Solução de dois Estados é a única saída justa para o conflito


Análise crítica sobre a narrativa da 'nakba contínua' e suas implicações políticas

Solução de dois Estados é a única saída justa para o conflito
Foto: AFP

Análise sobre a necessidade de uma solução justa para o conflito israelense-palestino.

A análise sobre a narrativa da “nakba contínua” reflete a experiência de sofrimento do povo palestino, mas também revela a complexidade das responsabilidades históricas e políticas nesse conflito. A solução de dois Estados é a única abordagem justa para resolver a questão, implicando a abdicação de Israel de territórios e o desmantelamento de assentamentos na Cisjordânia.

A crítica à narrativa da “nakba contínua”

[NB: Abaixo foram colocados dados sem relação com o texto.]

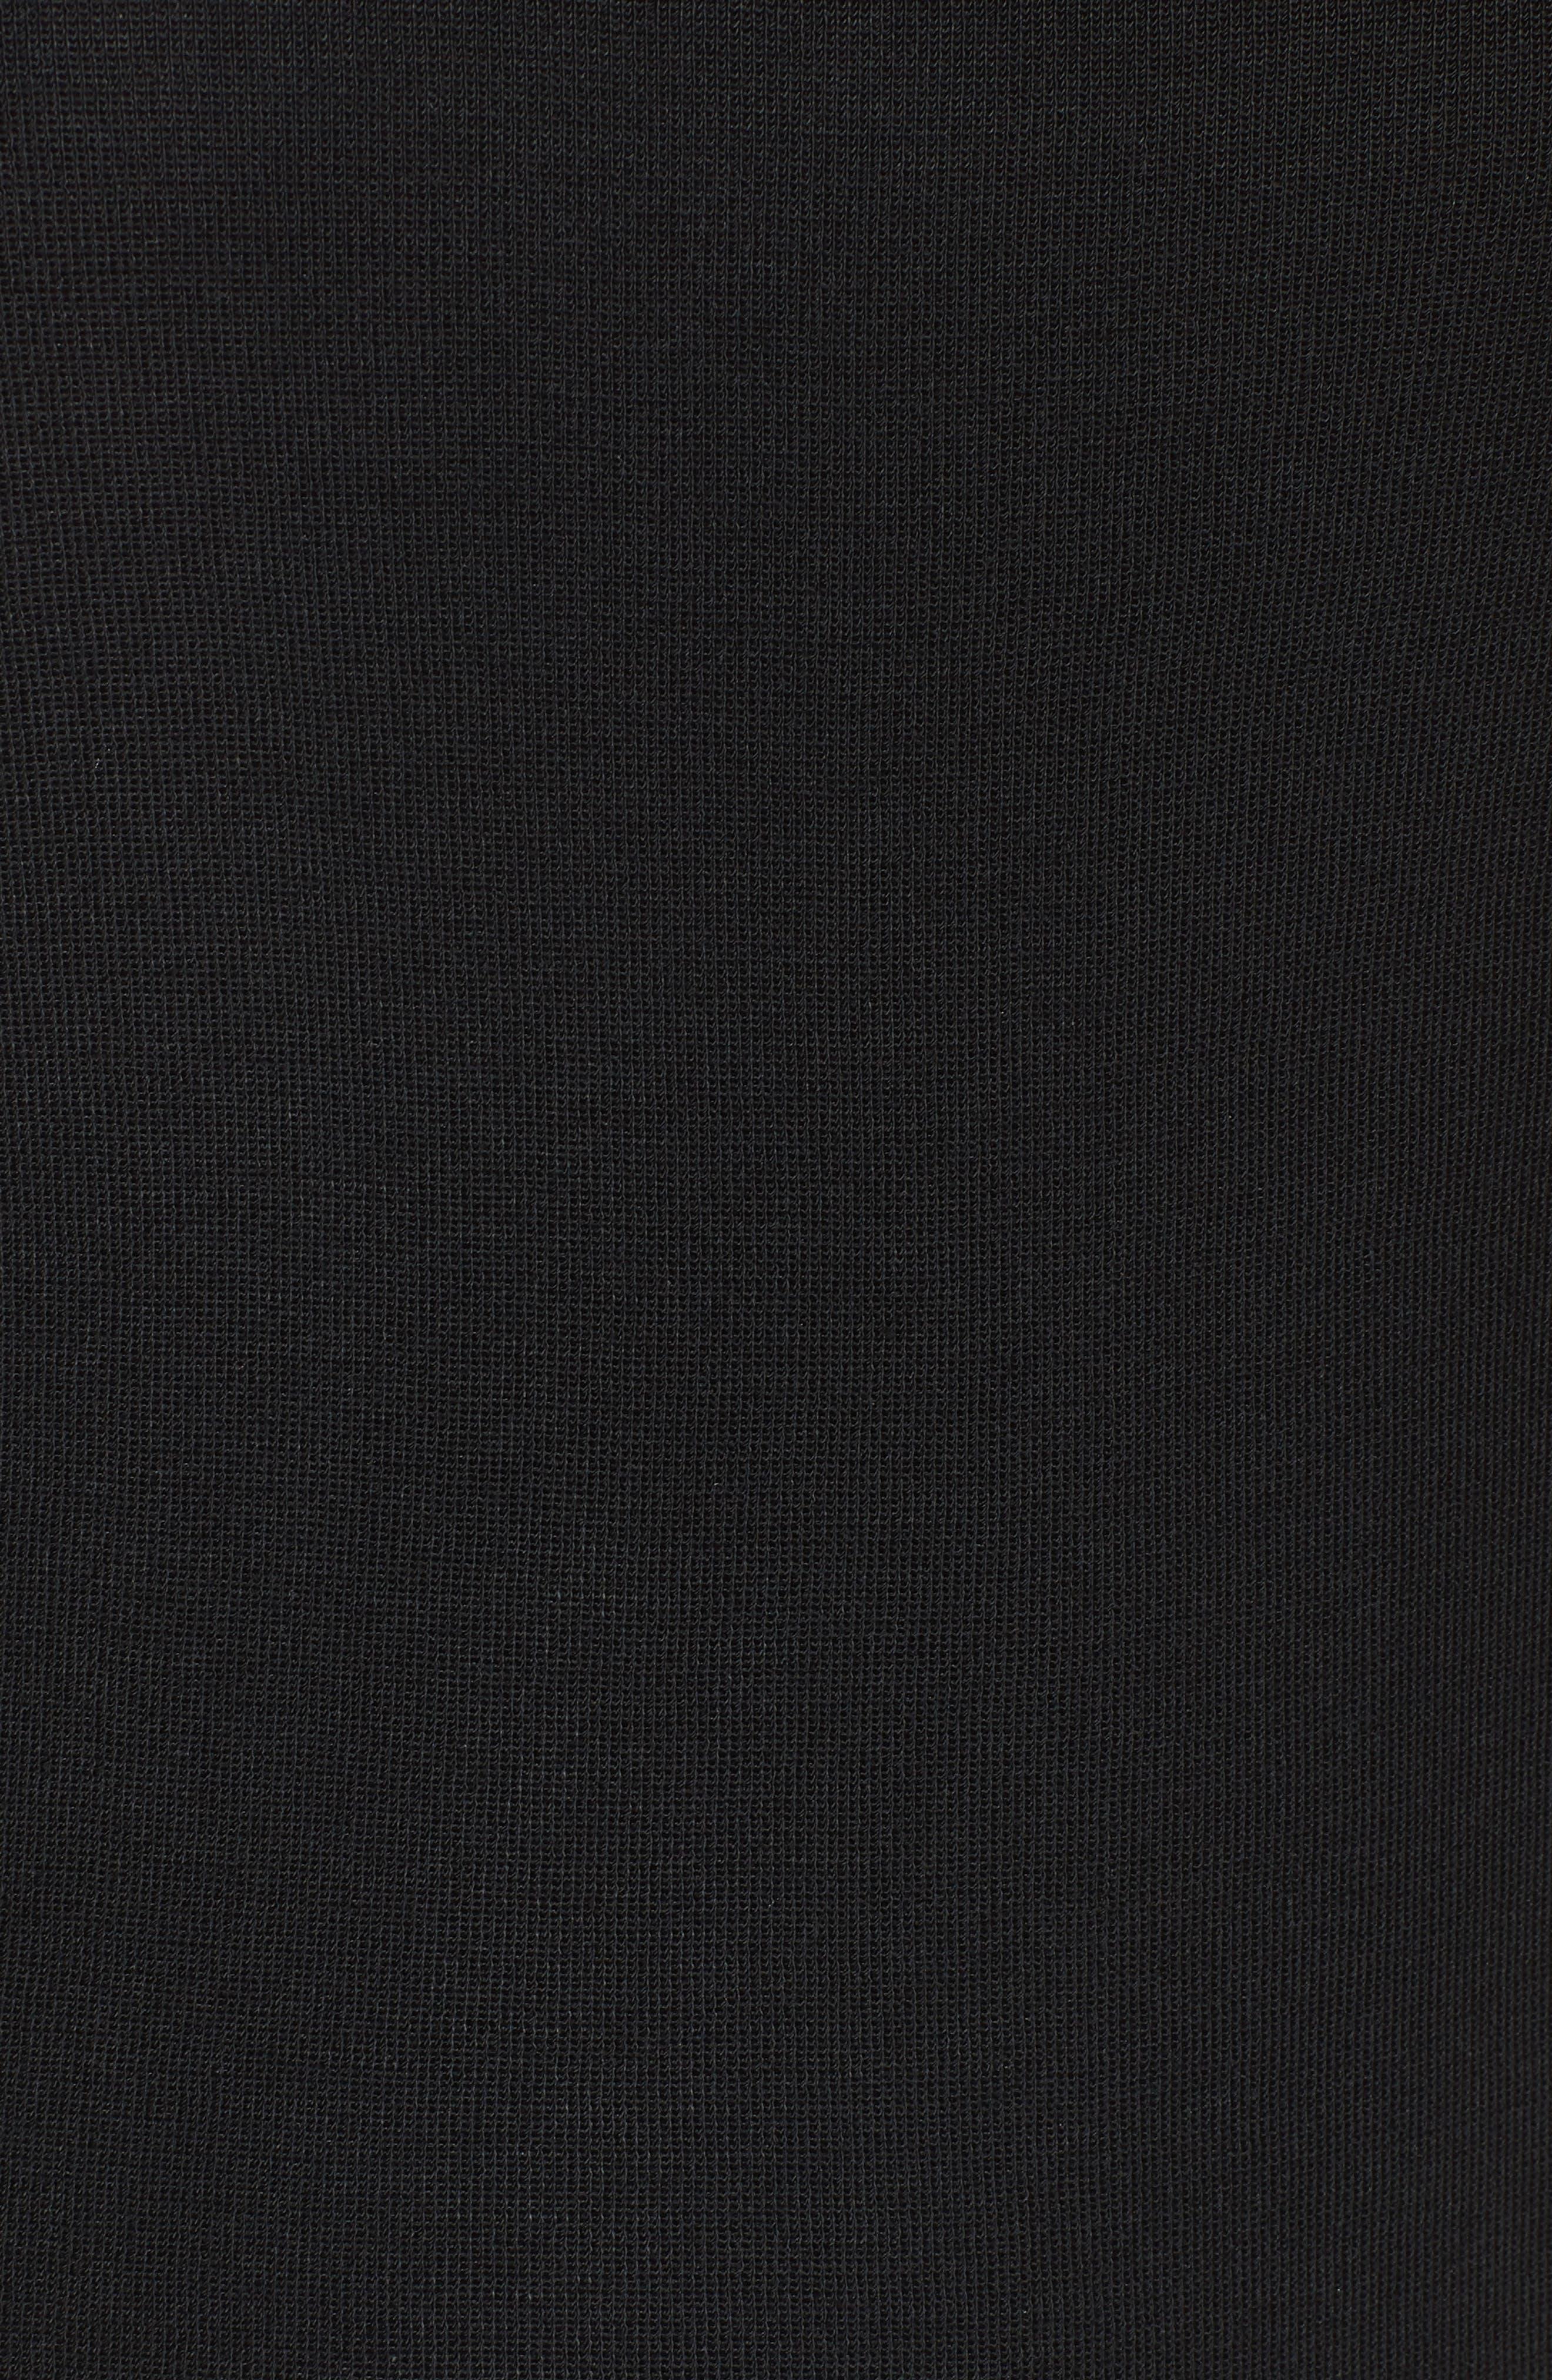 Contrast Scoop Neck Knit Tank,                             Alternate thumbnail 5, color,                             Black/ Pink Lemonade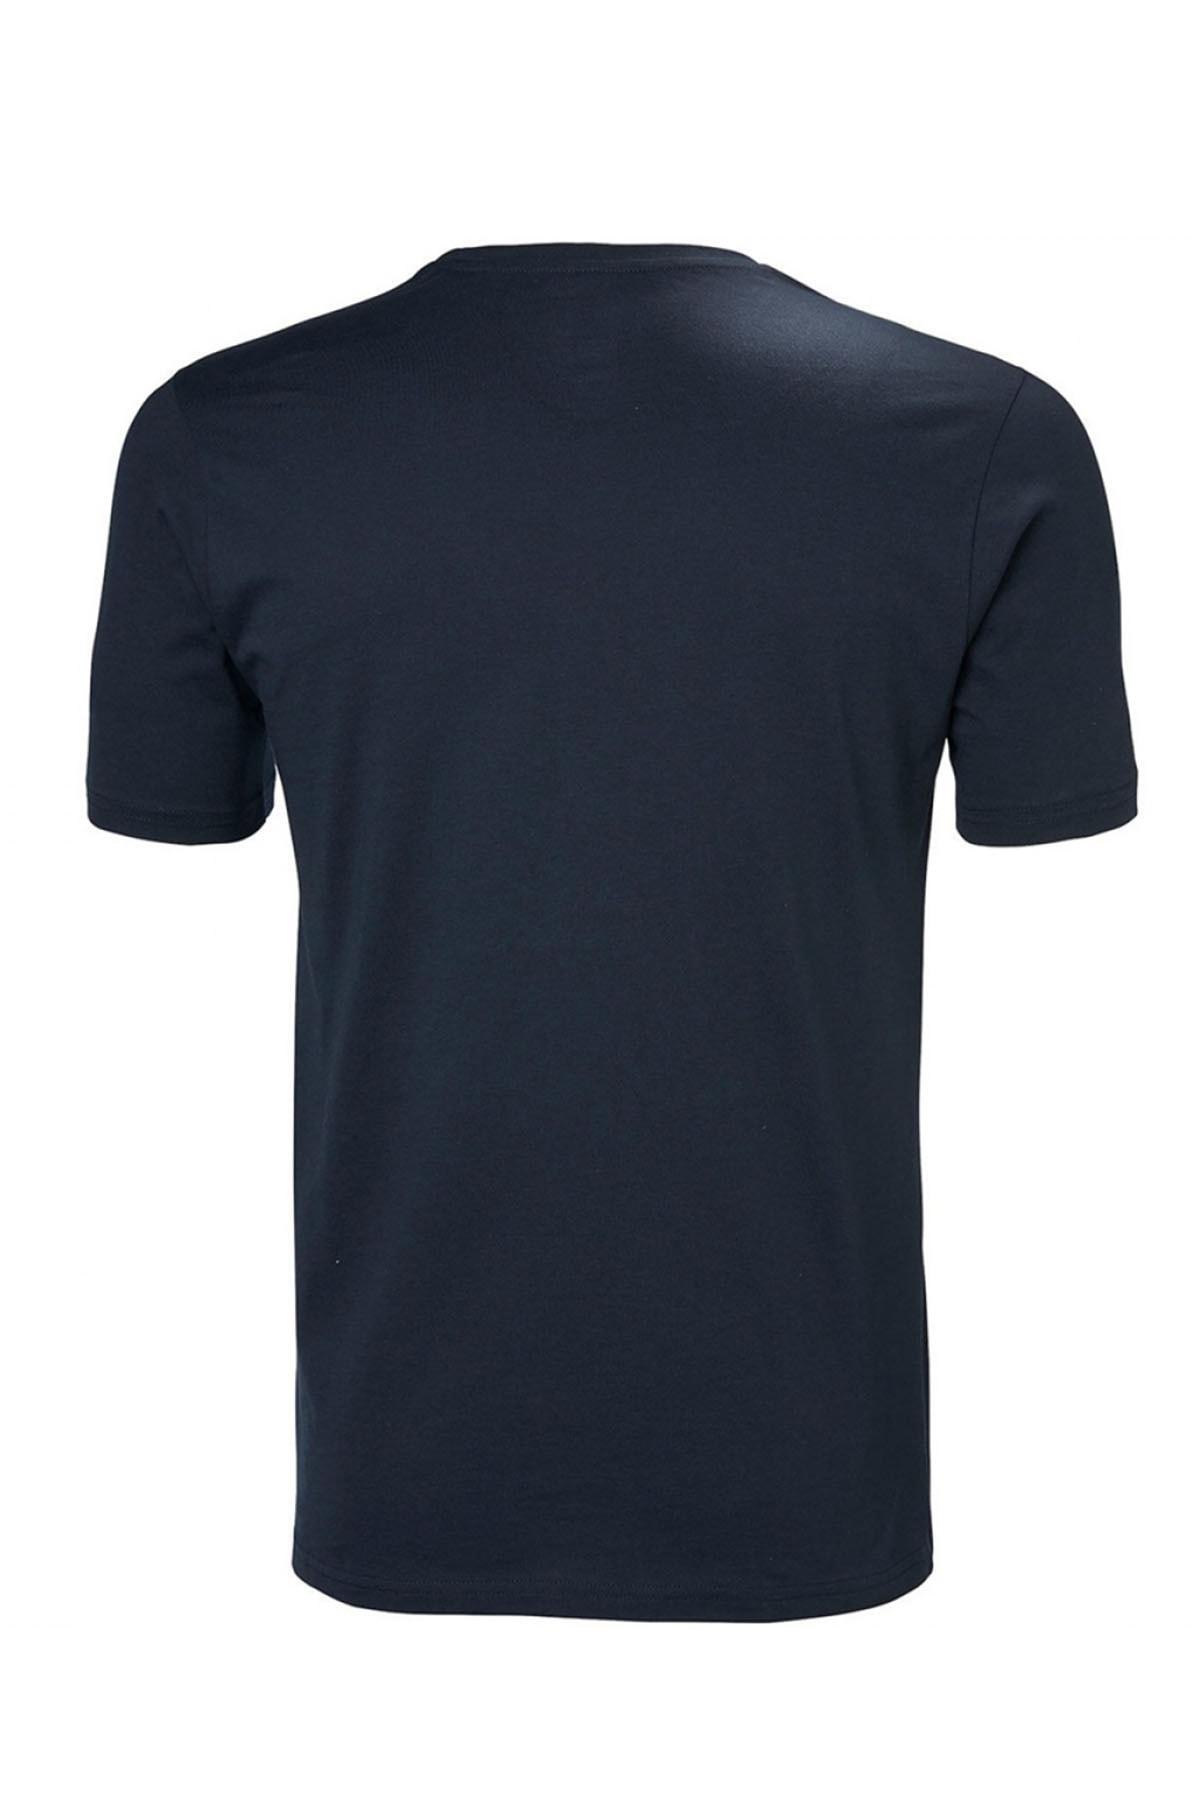 Helly Hansen Erkek Spor T-Shirt - 33979-597 2

O autor discute como a noção de “nakba contínua” é usada para expressar um sofrimento real, mas ao mesmo tempo gera uma narrativa que não assume responsabilidades. A narrativa palestina, quando utilizada para justificar a negação de responsabilidades históricas, pode servir a interesses políticos que buscam a destruição do Estado judeu.

O papel da comunidade internacional

Parte da comunidade internacional não está contra Israel, mas sim contra as políticas do governo de Binyamin Netanyahu. A crescente oposição a essas políticas é vista como uma defesa do Estado de Israel, promovendo a coexistência pacífica com um Estado palestino.

O movimento BDS e suas implicações

O autor critica o movimento Boicote, Desinvestimento e Sanções (BDS), argumentando que sua base antissionista se alinha a formas de antissemitismo. A proposta de paz deve incluir o reconhecimento de Israel como um Estado de maioria judaica e a renúncia ao direito de retorno em troca de indenizações.

Caminhos para a paz

A paz no Oriente Médio requer a aceitação de que ambos os lados precisam fazer concessões. Israel deve abdicar de territórios e reconhecer Jerusalém Oriental como capital do futuro Estado palestino, enquanto os palestinos devem reconhecer o direito de Israel existir como um Estado.
A solução de dois Estados é, portanto, a única forma viável de atender aos direitos de autodeterminação e segurança de ambos os povos, evitando a continuidade do conflito.